12. The illumination apparatus according to claim 7, further comprising a diffusion sheet between the plurality of single-color light sources and the liquid crystal panel,

wherein the diffusion sheet has, within a transparent base material, light diffusers having a refractive index different from a refractive index of the base material, dispersed in a thickness direction of the transparent base material, causes light emitted from the plurality of single-color light sources to be refracted a plurality of times, imparts wavelength dependency that is a reverse of the wavelength dependency to light emitted from the plurality of single-color light sources, and emits that light.

13. A liquid crystal display apparatus of the present invention comprising:

a liquid crystal panel having wavelength dependency whereby transmittance for incident illumination light differs according to both an incident angle and wavelength of the illumination light, and also having anisotropy whereby the wavelength dependency differs in a horizontal direction and a vertical direction;

an illumination section that has a plurality of single-color light sources whose emission wavelength light distribution characteristics differ and that illuminate the liquid crystal panel from aback surface, and illuminates the liquid crystal panel from the back surface; and

a display control circuit that drives the liquid crystal panel and displays an image,

wherein the plurality of single-color light sources emit illumination light having a light distribution characteristic that lessens the wavelength dependency and the anisotropy.

14. The liquid crystal display apparatus according to claim 13, wherein emitted light colors of the plurality of single-color light sources are three primary colors red, green, and blue, and diffusion of blue is relatively large.

15. The liquid crystal display apparatus according to claim 13, wherein the plurality of single-color light sources are arranged so as to have directivity in a horizontal direction of the liquid crystal panel.

16. The liquid crystal display apparatus according to claim 13, wherein the plurality of single-color light sources are arranged so as to have a light distribution characteristic with large diffusion in a vertical direction of the liquid crystal panel.

17. The liquid crystal display apparatus according to claim 13, further comprising a diffusion sheet between the plurality of single-color light sources and the liquid crystal panel,

wherein light distribution characteristics of the plurality of single-color light sources and a light distribution characteristic of the diffusion sheet are set so as to lessen the wavelength dependency and the anisotropy.

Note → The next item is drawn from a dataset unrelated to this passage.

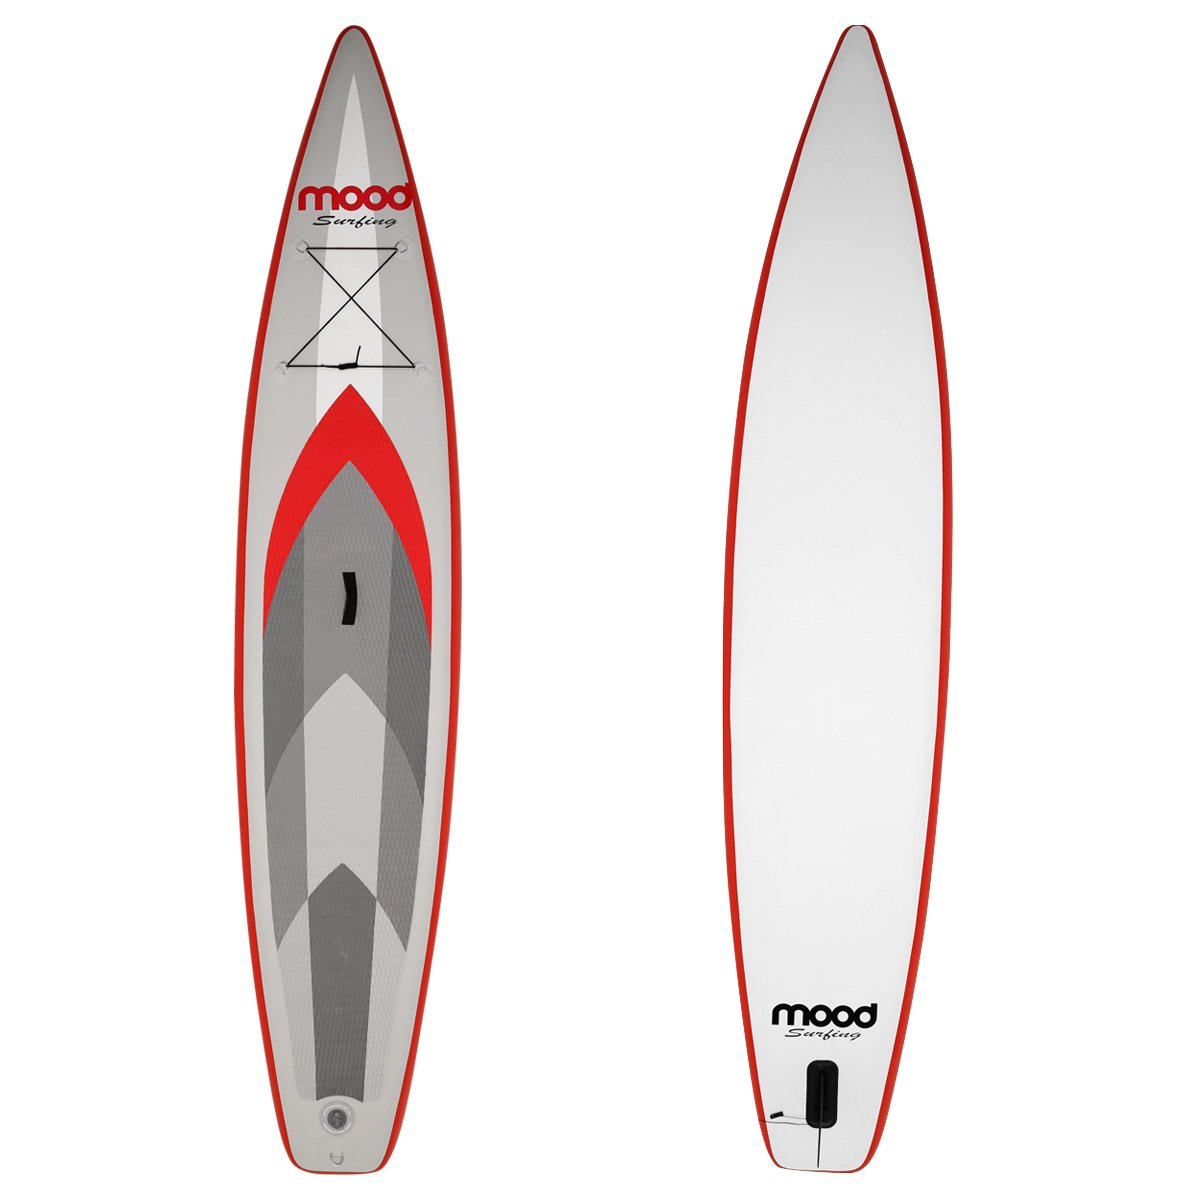 f5ed482f0 Prancha Stand Up Paddle Mood Inflável Navigator Line 12 pés

18. The liquid crystal display apparatus according to claim 13, further comprising a diffusion sheet between the plurality of single-color light sources and the liquid crystal panel,

wherein the diffusion sheet has, within a transparent base material, light diffusers having a refractive index different from a refractive index of the base material, dispersed in a thickness direction of the transparent base material, causes light emitted from the plurality of single-color light sources to be refracted a plurality of times, imparts wavelength dependency that is a reverse of the wavelength dependency to light emitted from the plurality of single-color light sources, and emits that light.